▶ [GIVEN DATA]
::::::::::
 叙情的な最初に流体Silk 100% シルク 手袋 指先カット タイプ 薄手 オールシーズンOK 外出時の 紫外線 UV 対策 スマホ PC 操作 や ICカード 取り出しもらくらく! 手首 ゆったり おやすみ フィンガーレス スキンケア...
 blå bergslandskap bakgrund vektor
::::::::::
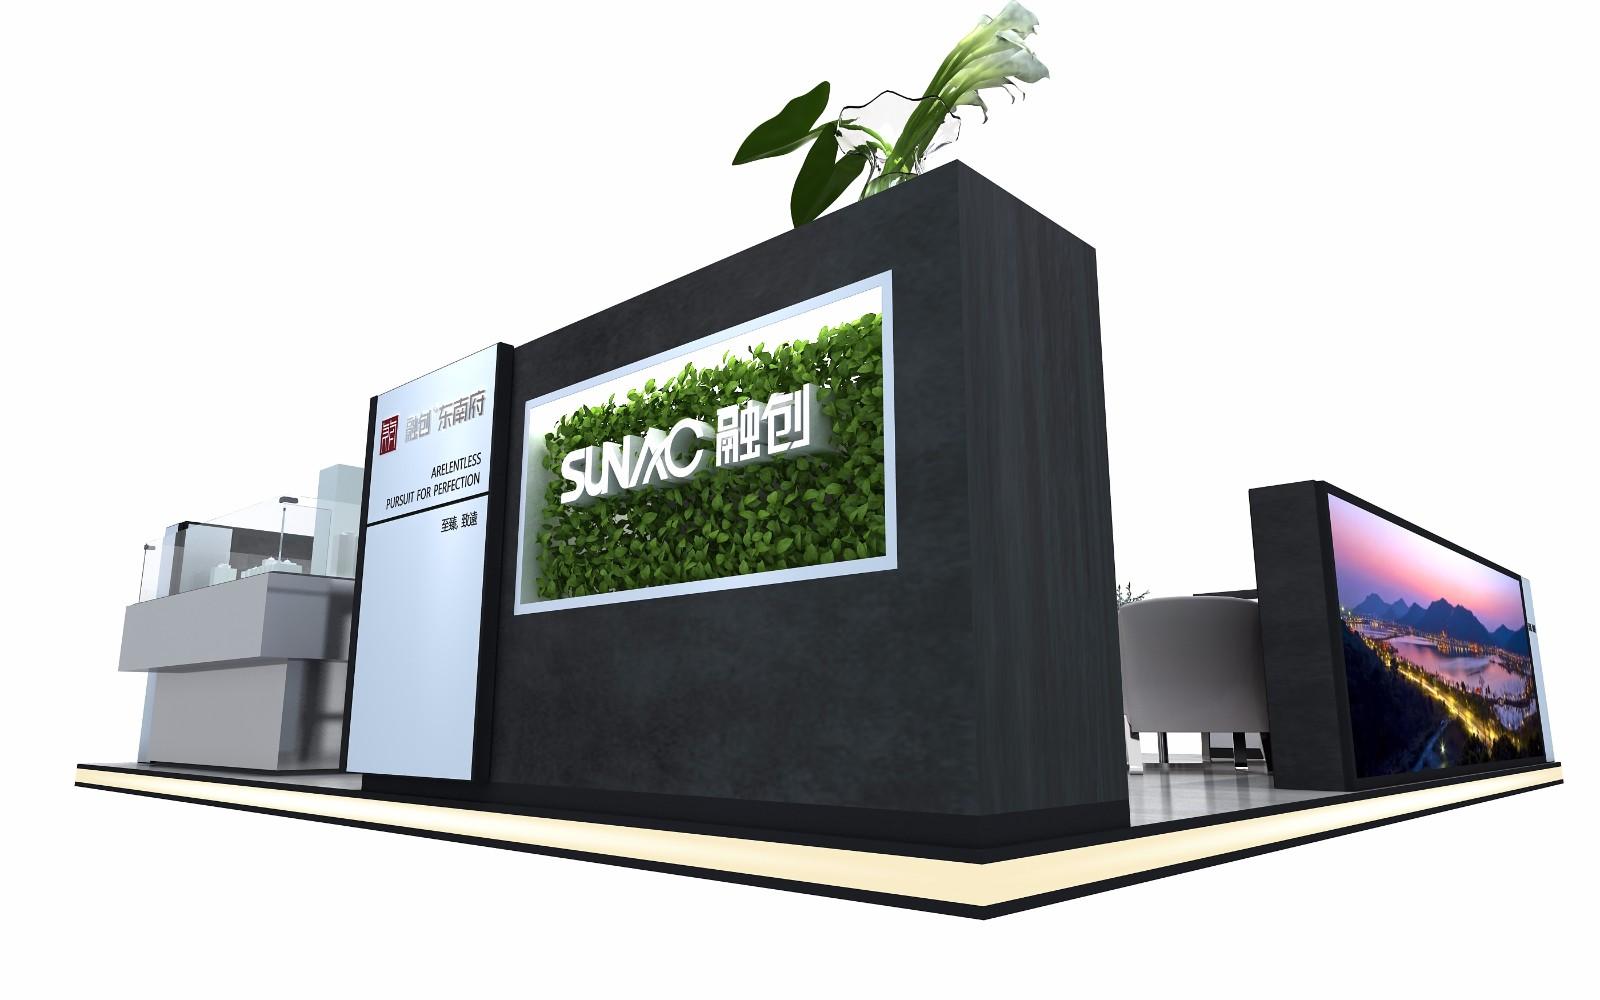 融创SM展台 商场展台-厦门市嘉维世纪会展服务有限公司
::::::::::
▶ [YOUR OBJECTIVE] Give back exactly the lines above, from the line containing "叙情的な最初に流体Silk 100% シルク" through the line containing "blå bergslandskap bakgrund vektor", with both end lines and nothing more.

▶ [EXERCISE OUTPUT]
 叙情的な最初に流体Silk 100% シルク 手袋 指先カット タイプ 薄手 オールシーズンOK 外出時の 紫外線 UV 対策 スマホ PC 操作 や ICカード 取り出しもらくらく! 手首 ゆったり おやすみ フィンガーレス スキンケア...
 blå bergslandskap bakgrund vektor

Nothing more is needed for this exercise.